But he doesn’t look at the little girl. He keeps his eyes on you.
He glides to a stop directly in front of you. He leans against the boards, the epitome of nonchalant cool. He holds your gaze for a beat longer, a silent question in his eyes. Then, with a practiced, easy flick of his wrist, he flips the puck over the glass.
It’s a perfect arc. It soars over the screaming girl, over the outstretched hands of a dozen other fans, and lands with impossible, pinpoint accuracy directly in your lap.
It happens so fast you don’t even have time to react. The puck is just … there. A cold, solid weight against your jeans. It’s a slap of shock. Your hands instinctively close around it.
Becca gasps beside you. “Oh my god.”
Ana just whispers, “No.”
You look down at the puck. It’s a standard, black rubber disc, but there’s something on it. A message, written in shaky silver sharpie. It’s not an autograph. It’s one word.
Reparations.
Your breath catches in your throat. It’s your joke. Your word. A callback to your first date, to the DMs that started it all. It’s a piece of your secret world, and he’s just thrown it out into the open.
You look up from the puck, a million frantic thoughts racing through your mind. And that’s when you see it.
You’re on the Jumbotron.
The camera operator, sensing a potential cute fan interaction, has zoomed in. But they didn’t get the little girl. They got you. Your face, fifty feet high, broadcast to eighteen thousand people. The camera lingers on you, then pans down to the puck in your hands, then cuts to Mat, who is now skating away with a self-satisfied smirk on his face, tapping his stick on the ice once, a gesture of acknowledgement.
The crowd around you is buzzing. A low murmur starts to ripple through your section. People are turning to look at you. They saw it. They saw him skate directly to you. They saw him give you the puck. They’re putting the pieces together. The name on your back. The player on the ice. The targeted, deliberate nature of the gesture.
A guy in front of you turns around. “Hey, aren’t you-”
Your phone starts to buzz in your pocket. Then it buzzes again. And again. A relentless, frantic vibration. It’s not just the group chat. It’s everyone. Friends from college. Relatives. People you haven’t spoken to in years. The secret is out. The gravity has collapsed.
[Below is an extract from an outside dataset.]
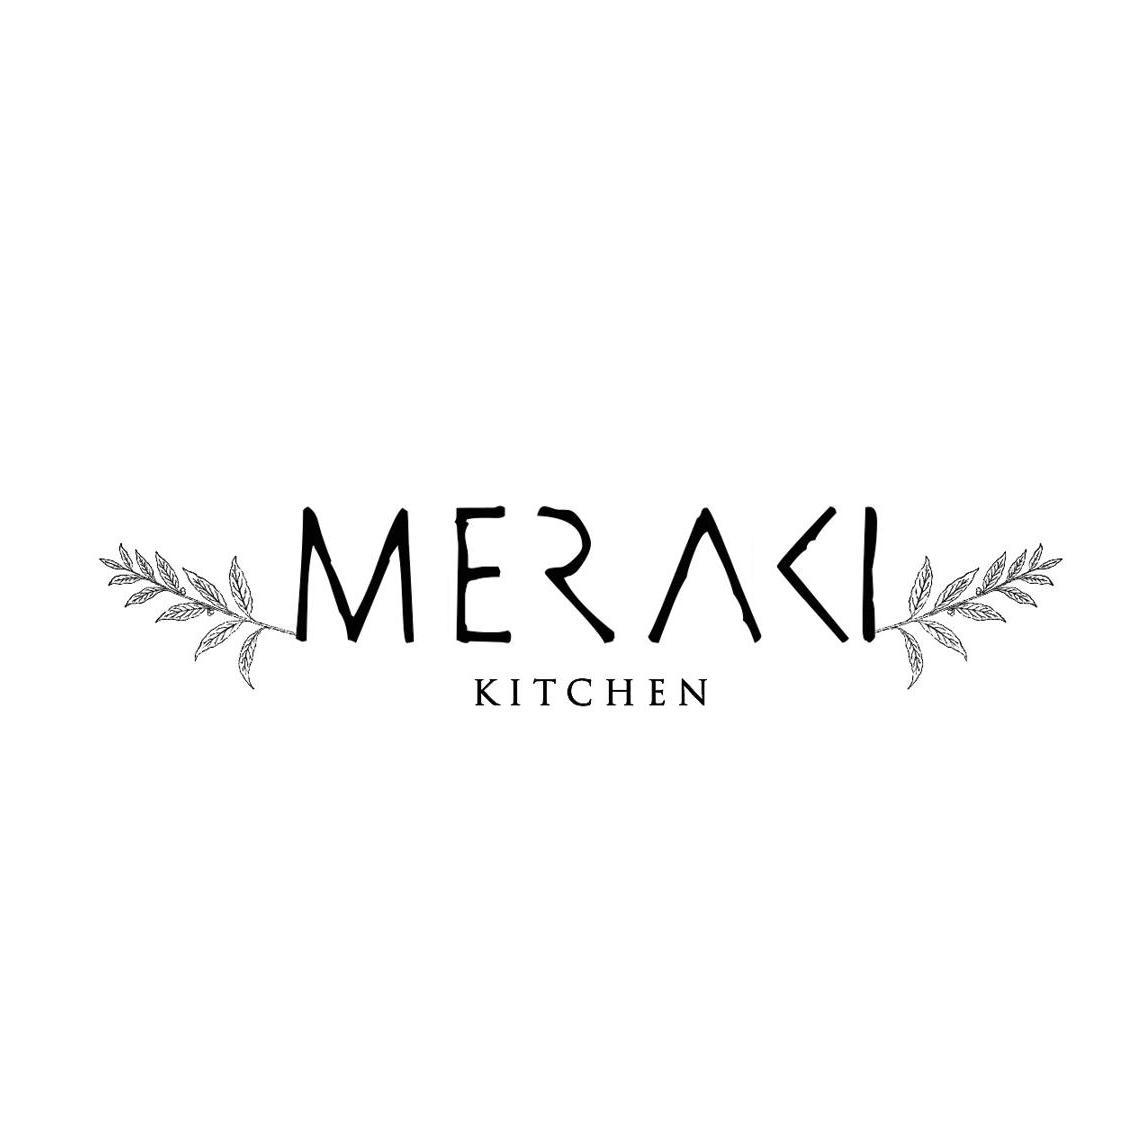 Meraki Logos

The universe has just gone supernova.
You feel a wave of hot, prickling panic. Your face is burning. You want to disappear. You want to slide under your seat and cease to exist. You look at your friends, your eyes wide with sheer terror.
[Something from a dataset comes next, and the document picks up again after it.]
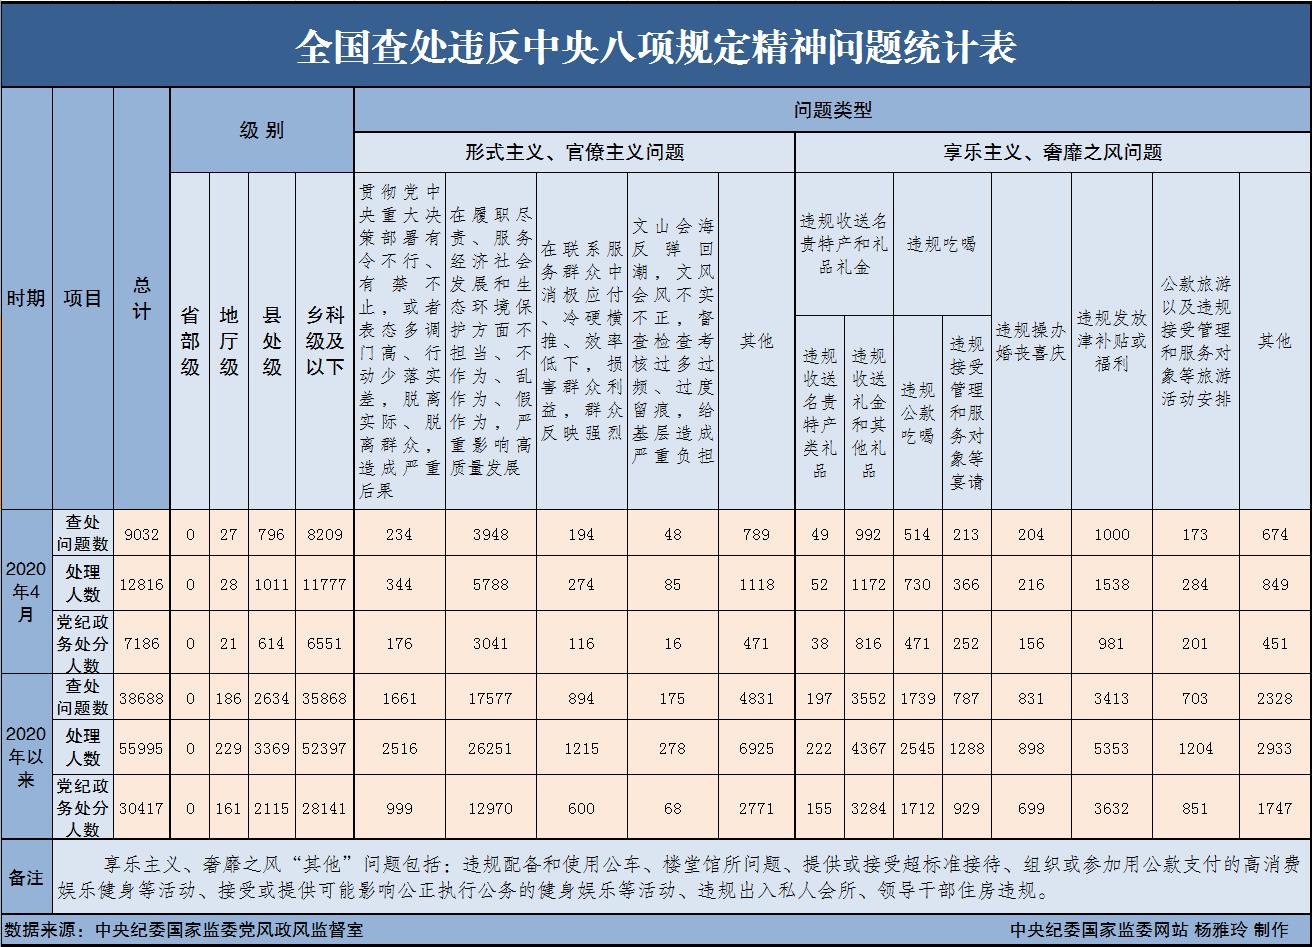 赢咖3官网,4月全国查处赢咖3官网违反中央图片

Becca’s expression is a wild mix of horror and exhilarated glee. “He did not just do that,” she mouths, her eyes as wide as dinner plates.
Ana looks genuinely concerned. “Are you okay?” She whispers, putting a hand on your arm.
You can’t answer. You just stare at the giant screen, which has mercifully cut away to a commercial. But the damage is done. Eighteen thousand people, plus whoever is watching at home, just witnessed Mat Barzal make a very public, very personal gesture to Henrik Lundqvist’s daughter.
You look out at the ice. He’s back in his line, laughing with Anthony Duclair about something. He glances up at you one more time, and this time, he gives you a full, unabashed wink.
He did this on purpose.
The arrogant, infuriating, wonderful, terrible man did this on purpose. He didn't just blow up your secret; he launched a tactical nuke at it.
The lights dim for the player introductions, and the roar of the crowd feels different now. It feels like it’s directed at you. The game hasn’t even started, and you’ve already lost.
***
The next two and a half hours are a masterclass in cognitive dissonance. You are a walking, breathing contradiction. Every fiber of your being, every neuron conditioned by two decades of unwavering loyalty, is screaming for the Rangers. You jump to your feet when they score, a raw, guttural yell of pure joy tearing from your throat. You groan in agony when the Islanders clear the puck on a power play. You join in the derisive chants aimed at the visiting team.
But every time number thirteen touches the puck, your heart seizes.
You watch with a nauseous blend of pride and dread as he weaves through the neutral zone, his speed and skill undeniable. You find yourself holding your breath when he drives to the net. When a Rangers defenseman lines him up for a big hit along the boards, you flinch, an involuntary, protective reaction that you immediately try to mask with a cough.
Becca notices. She gives you a gentle, knowing nudge. “It’s okay,” she mouths. “You’re allowed to not want him to get decapitated.”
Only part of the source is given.